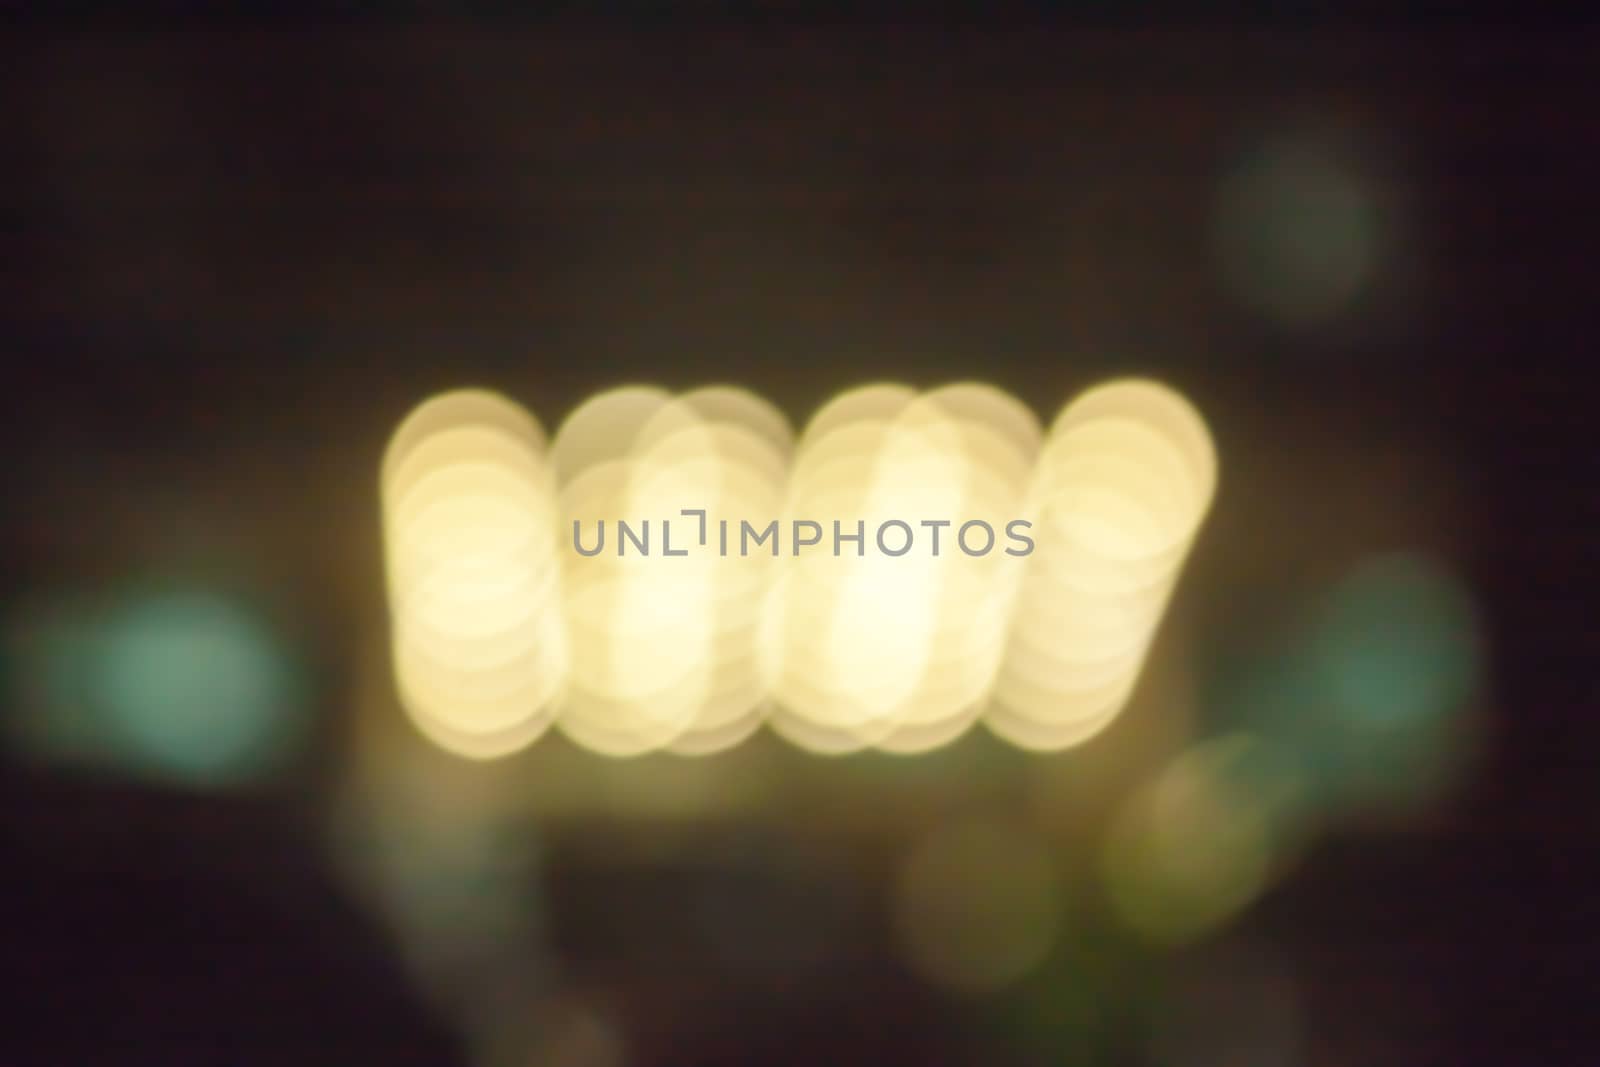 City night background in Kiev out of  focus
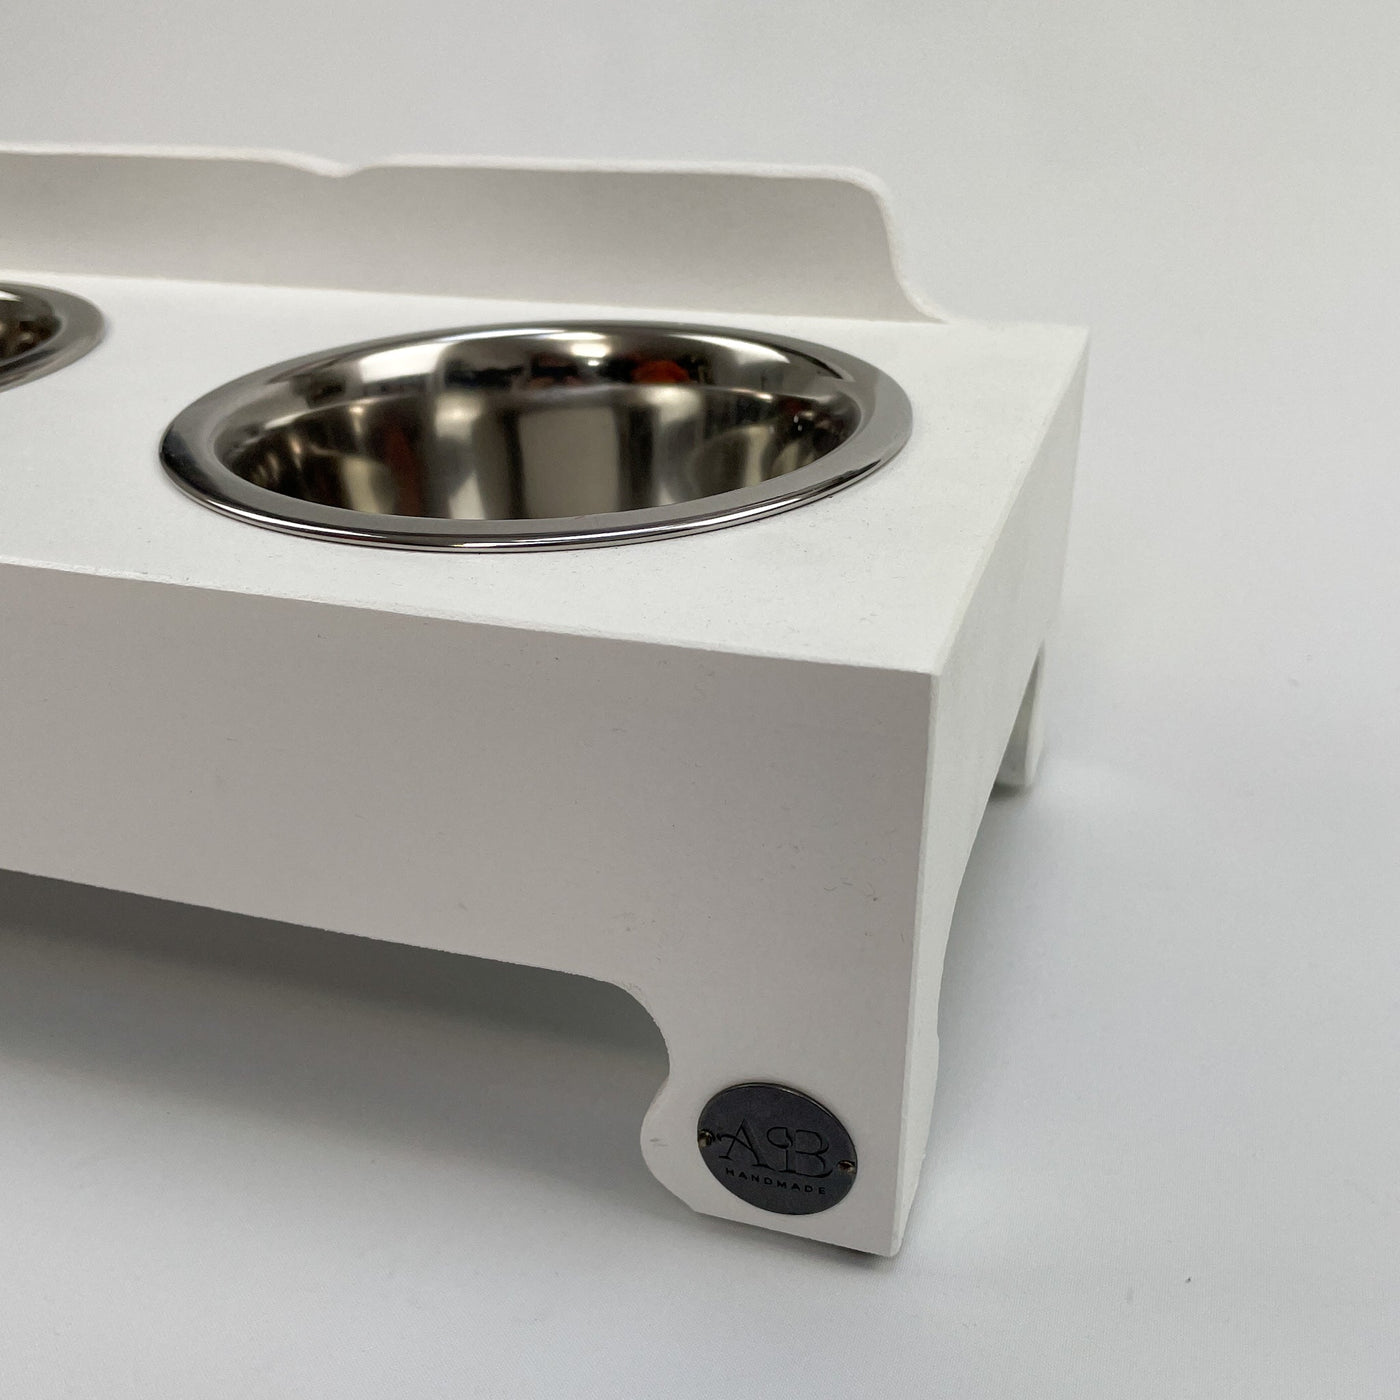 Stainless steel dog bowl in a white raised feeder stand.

---

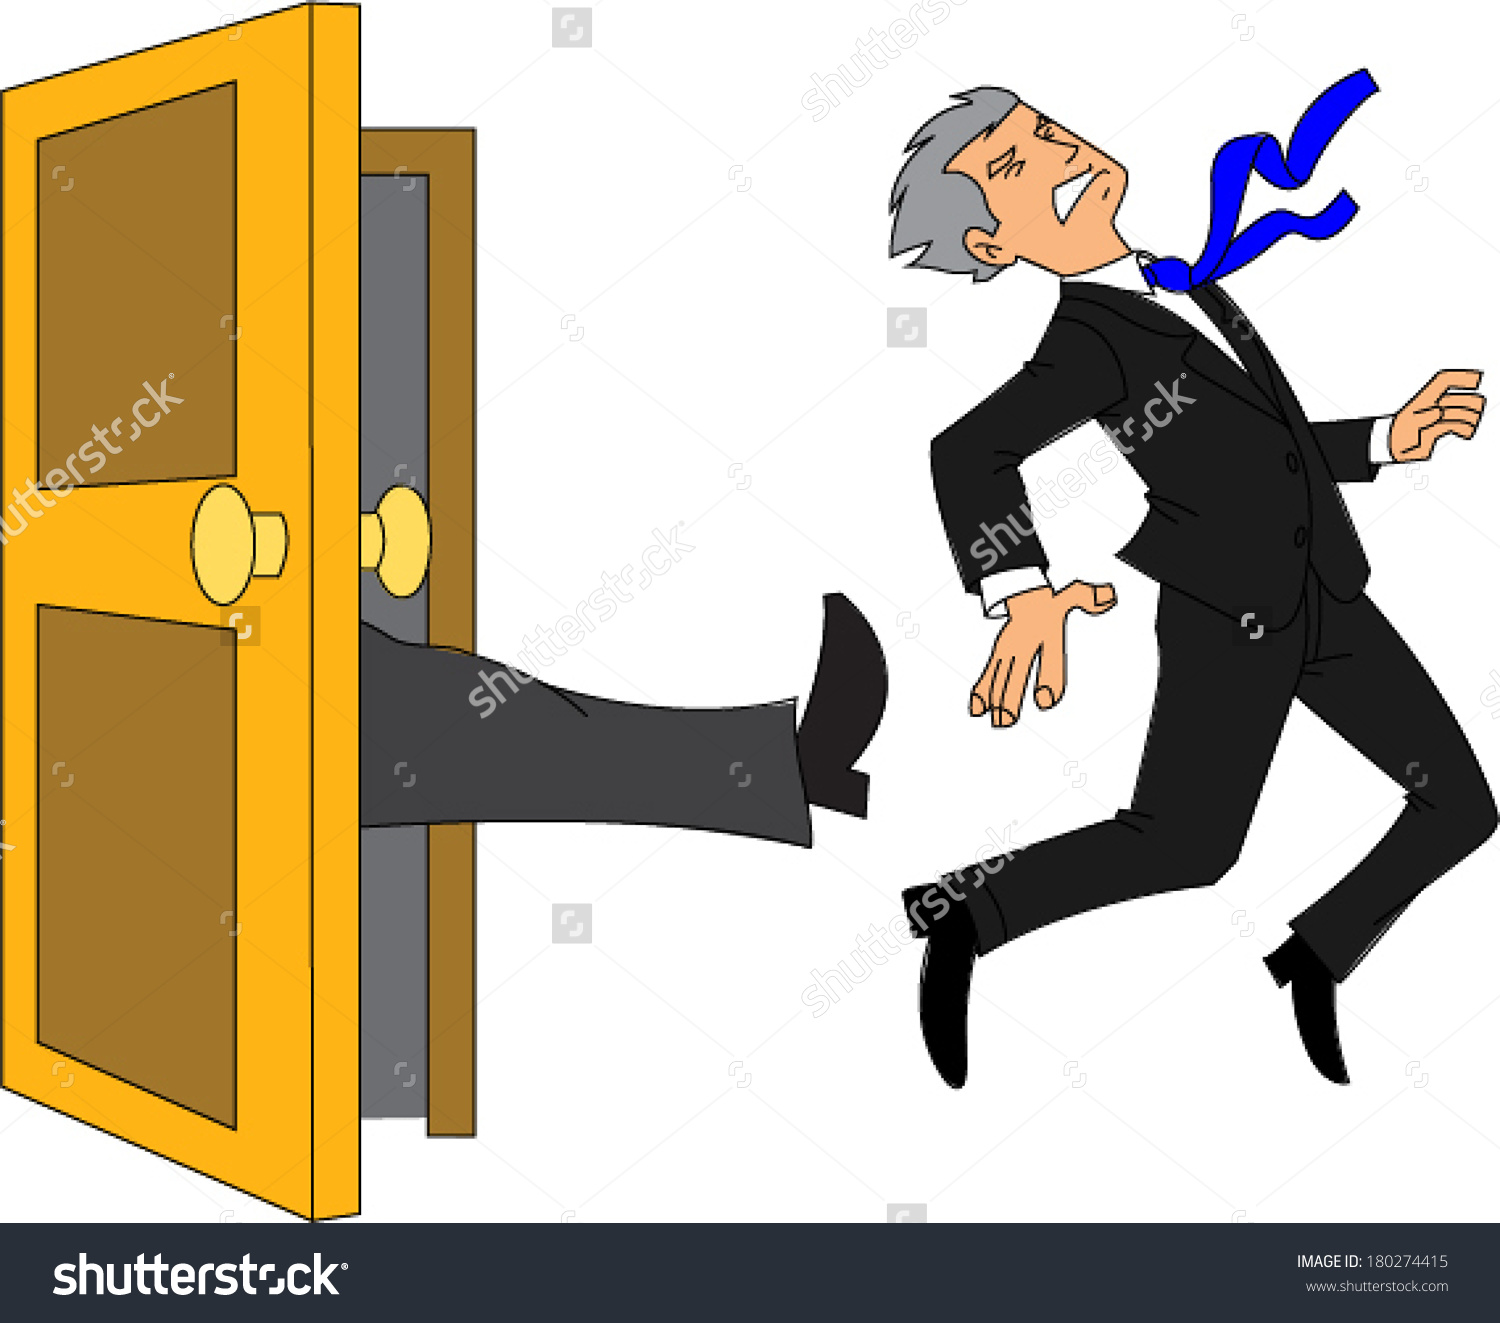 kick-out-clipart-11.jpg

* GOAL OF THE EXERCISE
In the data above, retype only the stretch from the line with "City night background" through the line with "Stainless steel dog", word for word, and skip any pictures.

* SOLUTION
 City night background in Kiev out of  focus
 Stainless steel dog bowl in a white raised feeder stand.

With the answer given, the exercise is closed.